Over the last year while writing my daily blogs, I have often used a specific track on the Insight Timer app to get me in “writing mode.” Sometime during the year, the app introduced a “daily check-in” feature where they ask to choose my current mood. The options are Great, Good, Okay, Bad and Awful.
I have selected “Okay” 99% of the time.
The first 10 times that I selected “Okay”, I didn’t think anything of it. But as I continued to select it, it started concerning me.
I was usually logging into the app before writing, something I love to do. Was something wrong with me because I was choosing Okay all the time? Shouldn’t I be feeling Great or at the very least Good if I was just about to start writing? Shouldn’t I be grateful to be doing something I love?

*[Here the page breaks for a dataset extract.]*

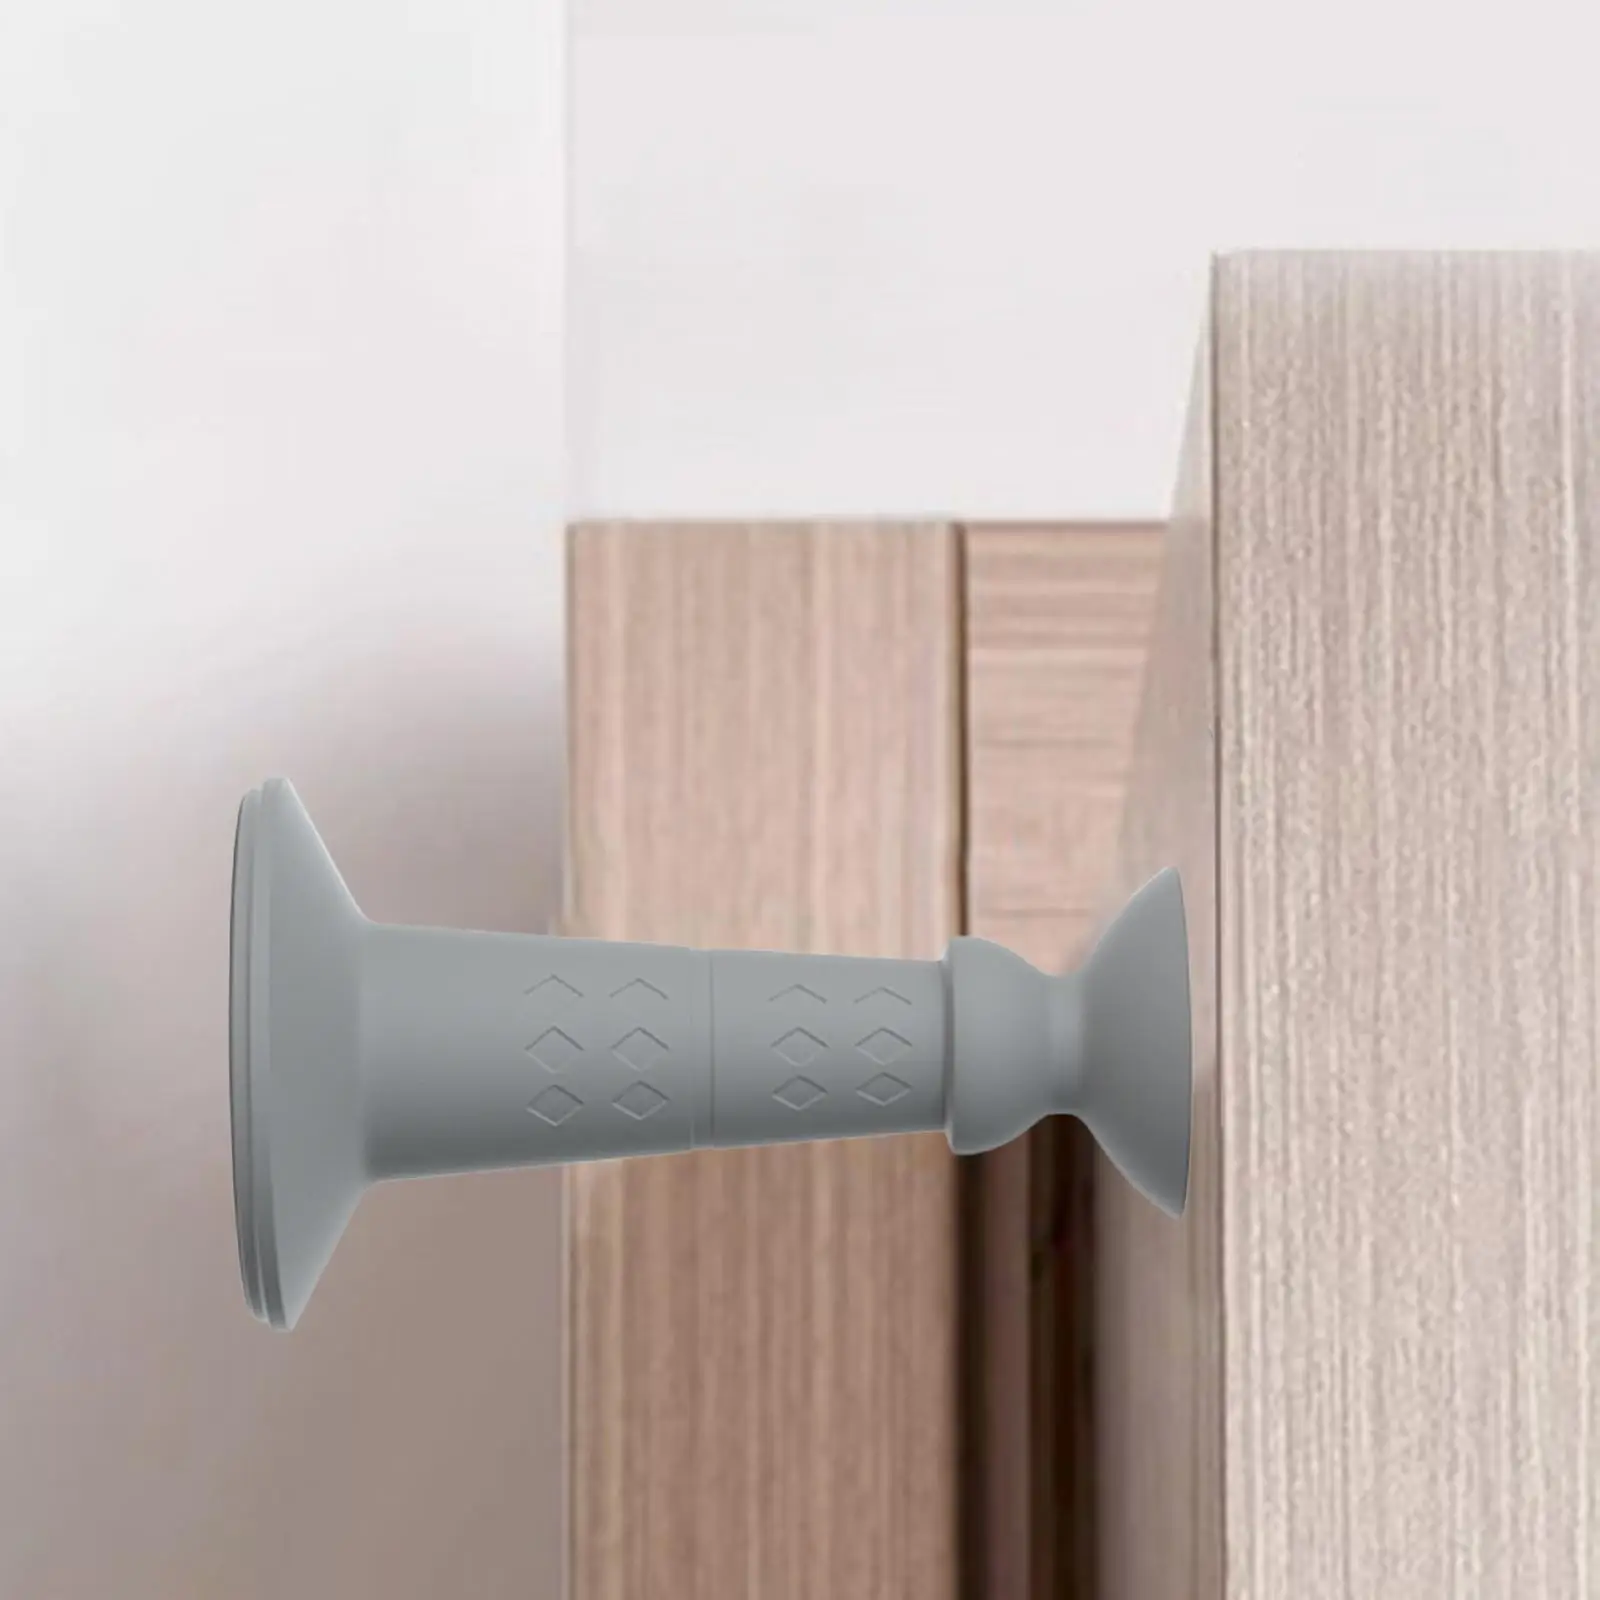 Doorstops Silicone Waterproof Wall or Floor Mount Premium Strong Lightweight Door Holder for Home Office Bedroom Bathroom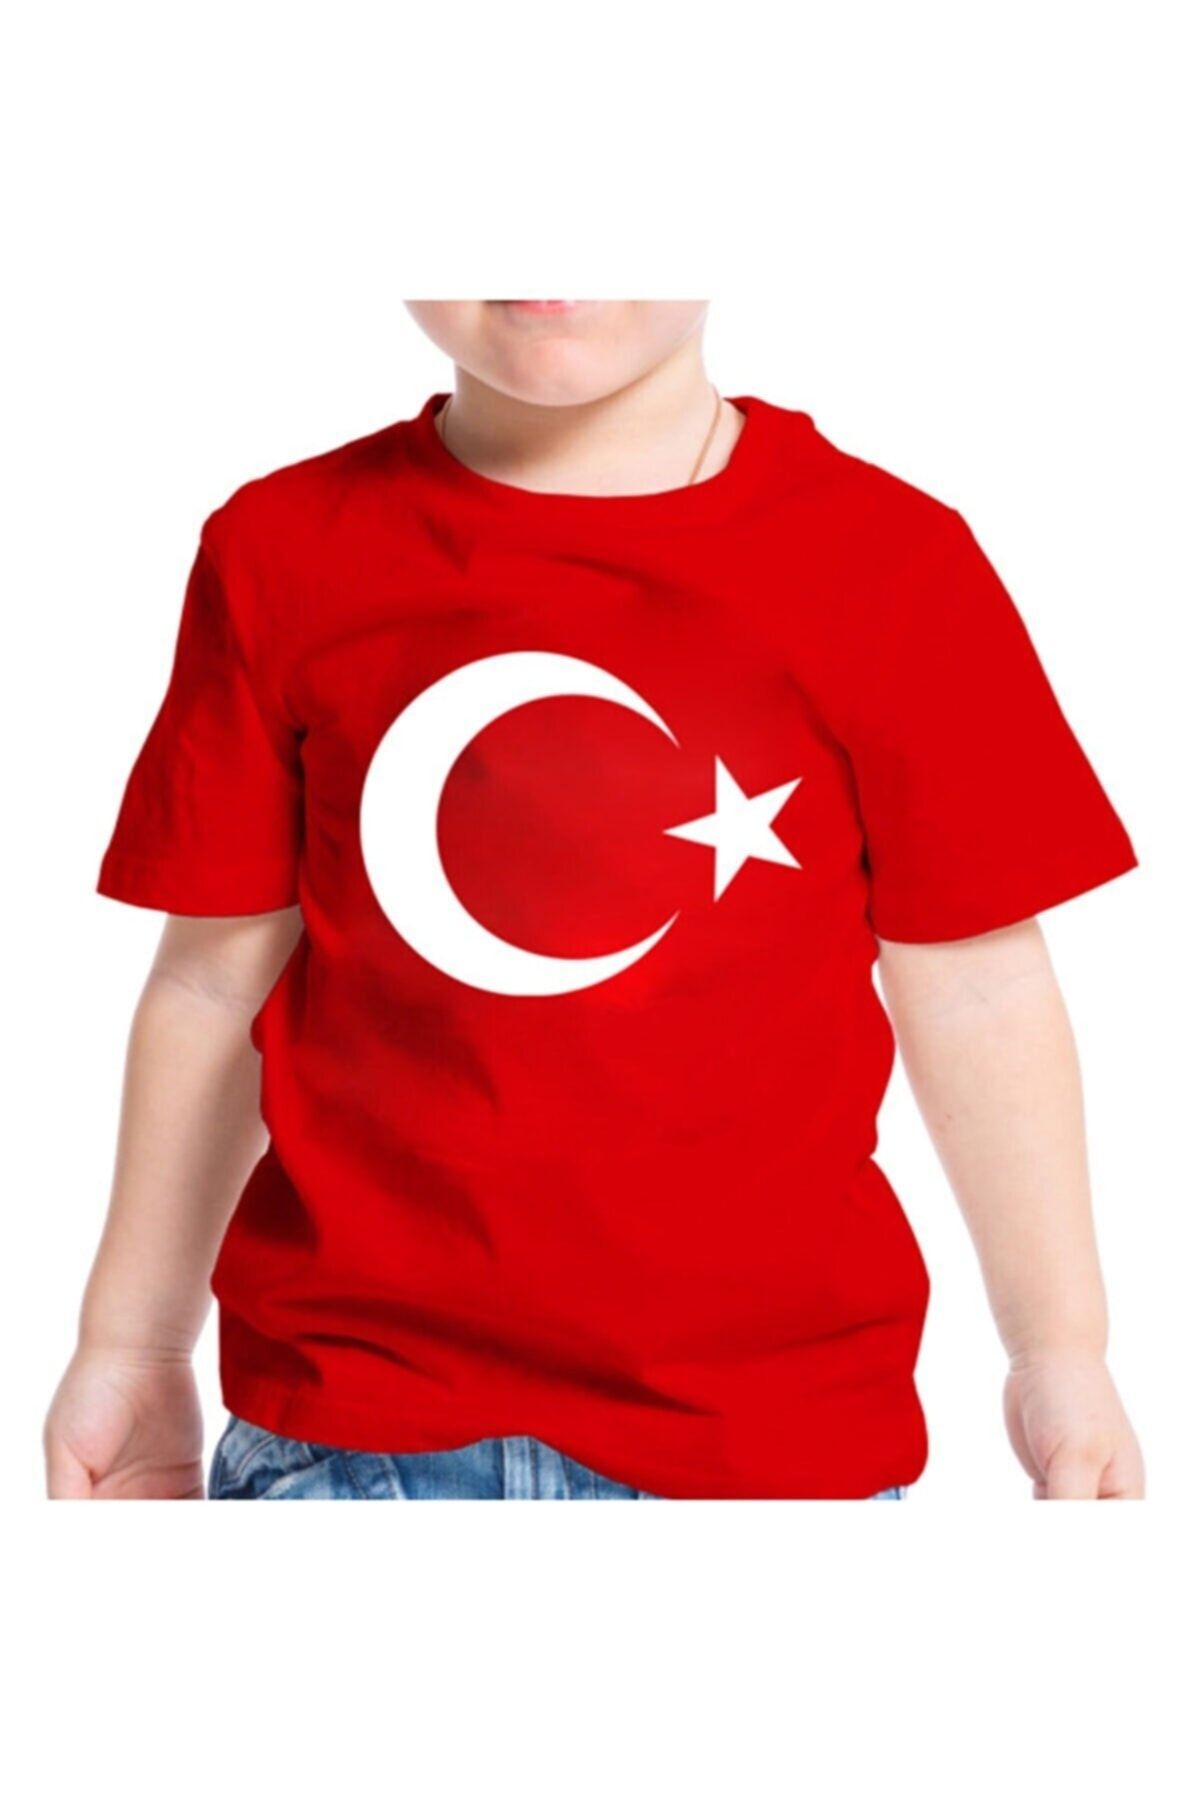 ADA BEBEK ÇOCUK Kırmızı Türk Bayraklı Ay Yıldız Desenli Kız Erkek Tişört

As I continued to select “Okay” over several months, I became okay with being okay because it was true! I toyed with the idea of choosing Good to see if I could trick myself into upping my mood.
But really, “Okay” was the most accurate way to describe how life was going. In our house, we had a bunch of tough stuff happen in 2021. And while I have really enjoyed my creative work, it wasn’t enough to override all of the other emotions happening in my body.
There is probably a way to trick the mind into upleveling my mood but I was not so interested in that. I didn’t want to pretend to be good or great. And I don’t think that being okay is a bad thing. It doesn’t mean that I am not enjoying or appreciating life.
How we feel is separate from how thankful we are.
And having that tension between the two is okay.